# [The data]

════════════════

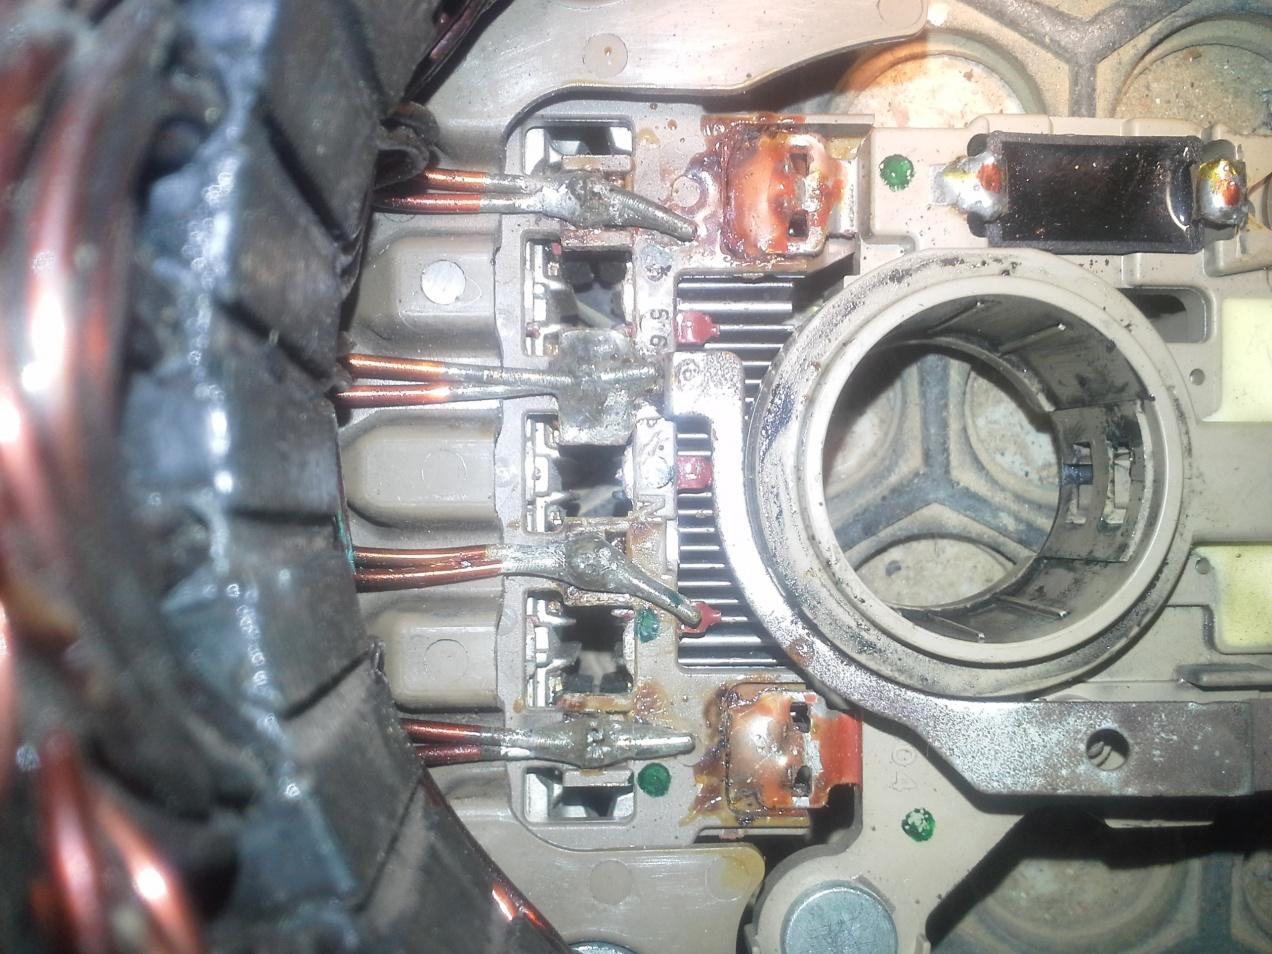 mando alternator wiring diagram the wiring mando marine alternator wiring diagram wirdig
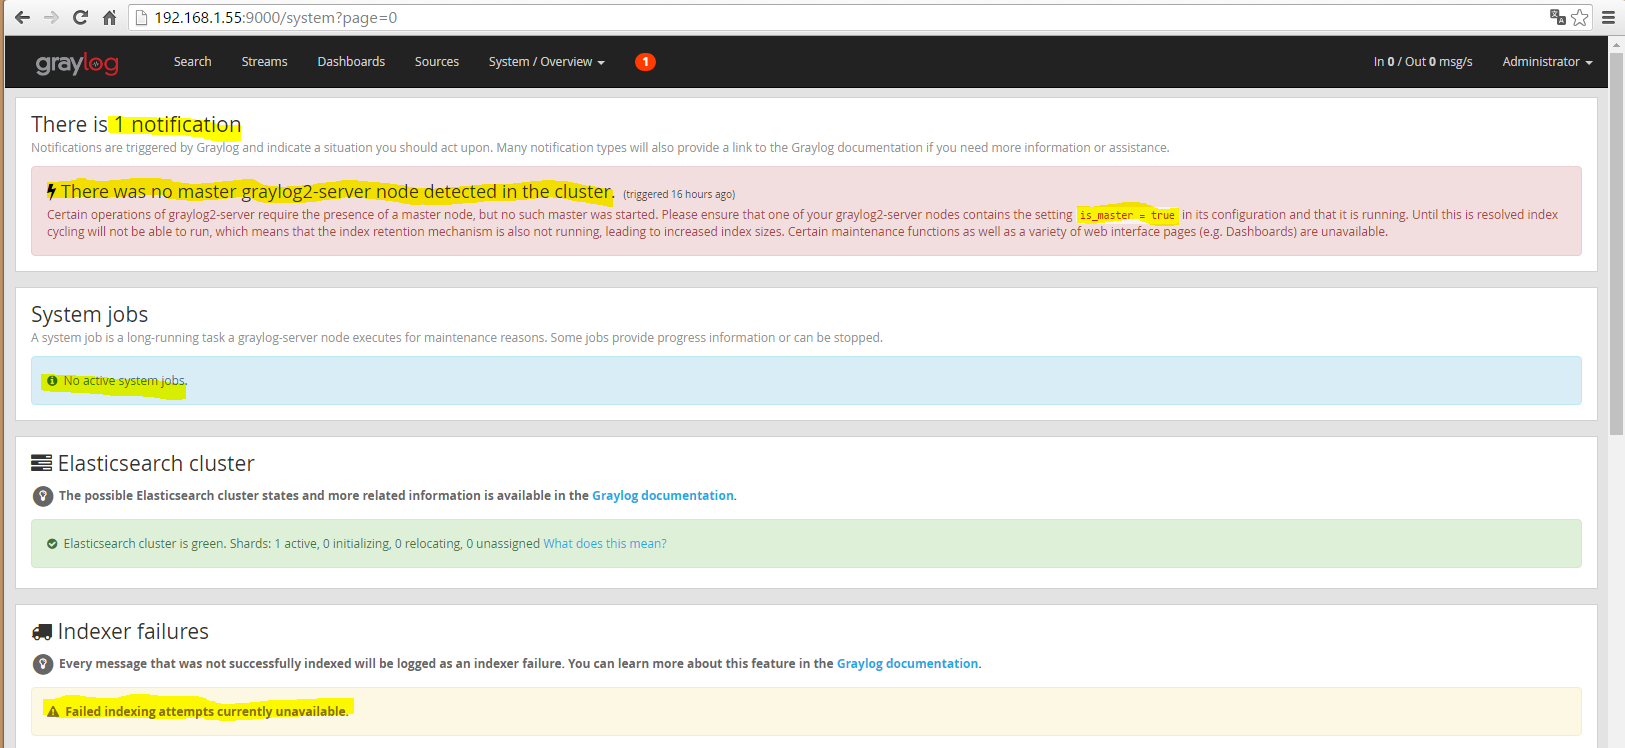 Installation 48 Mise en état false du Master node pour vérifier l'incidence sur Graylog
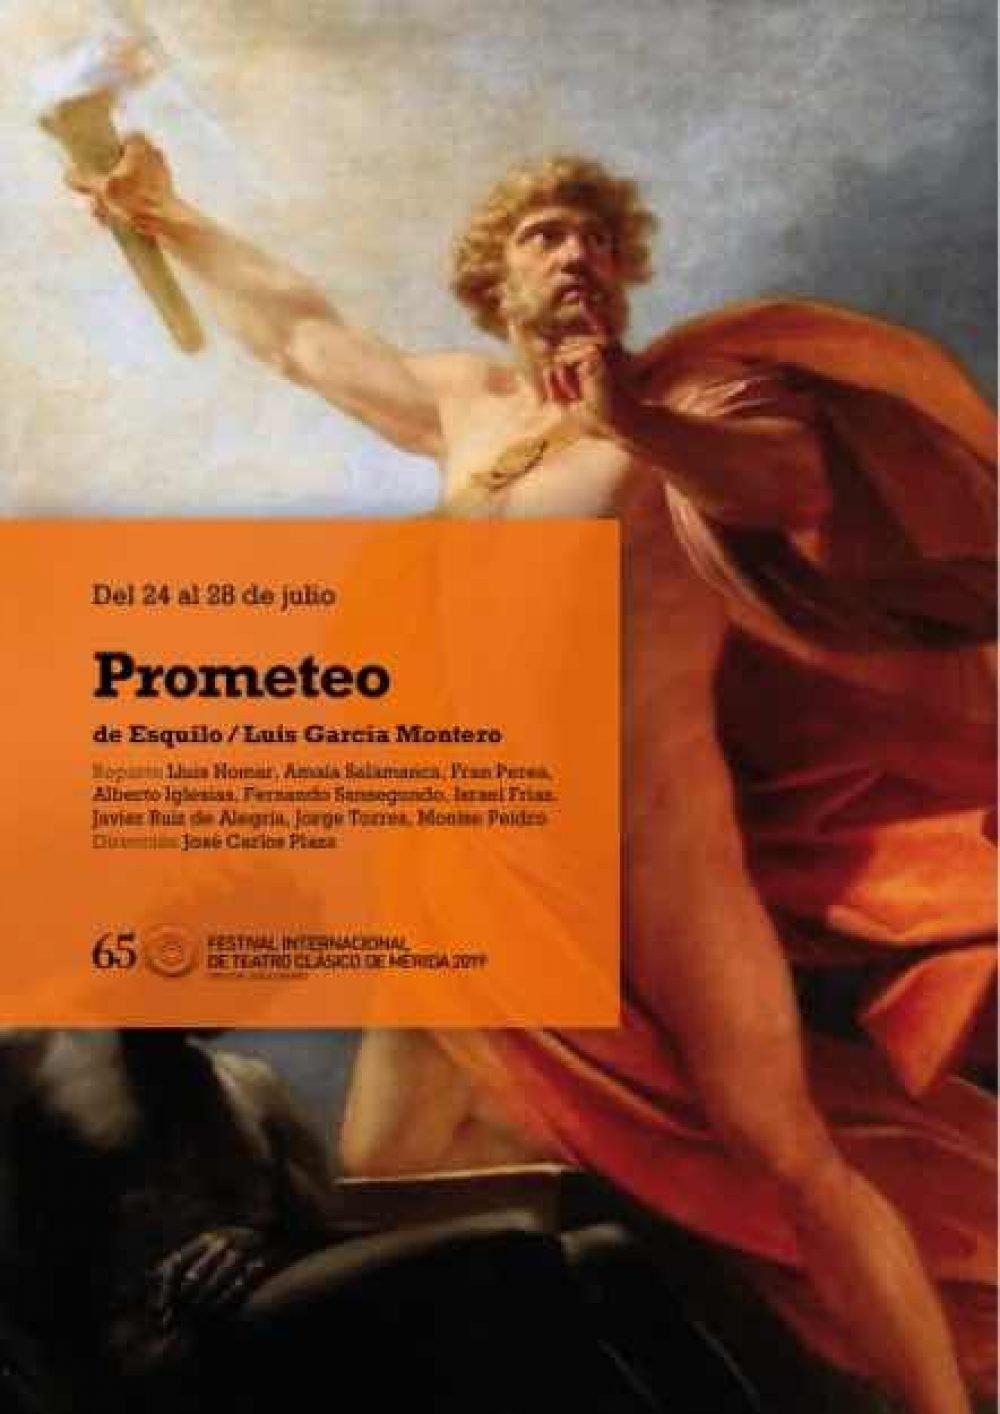 Prometeo. Festival Internacional de Teatro Clásico de Mérida

════════════════

# [Task to carry out]
Omit all pictures, and repeat exactly the lines from the line containing "Installation 48 Mise" through the end of the data.

# [Answer box]
 Installation 48 Mise en état false du Master node pour vérifier l'incidence sur Graylog
 Prometeo. Festival Internacional de Teatro Clásico de Mérida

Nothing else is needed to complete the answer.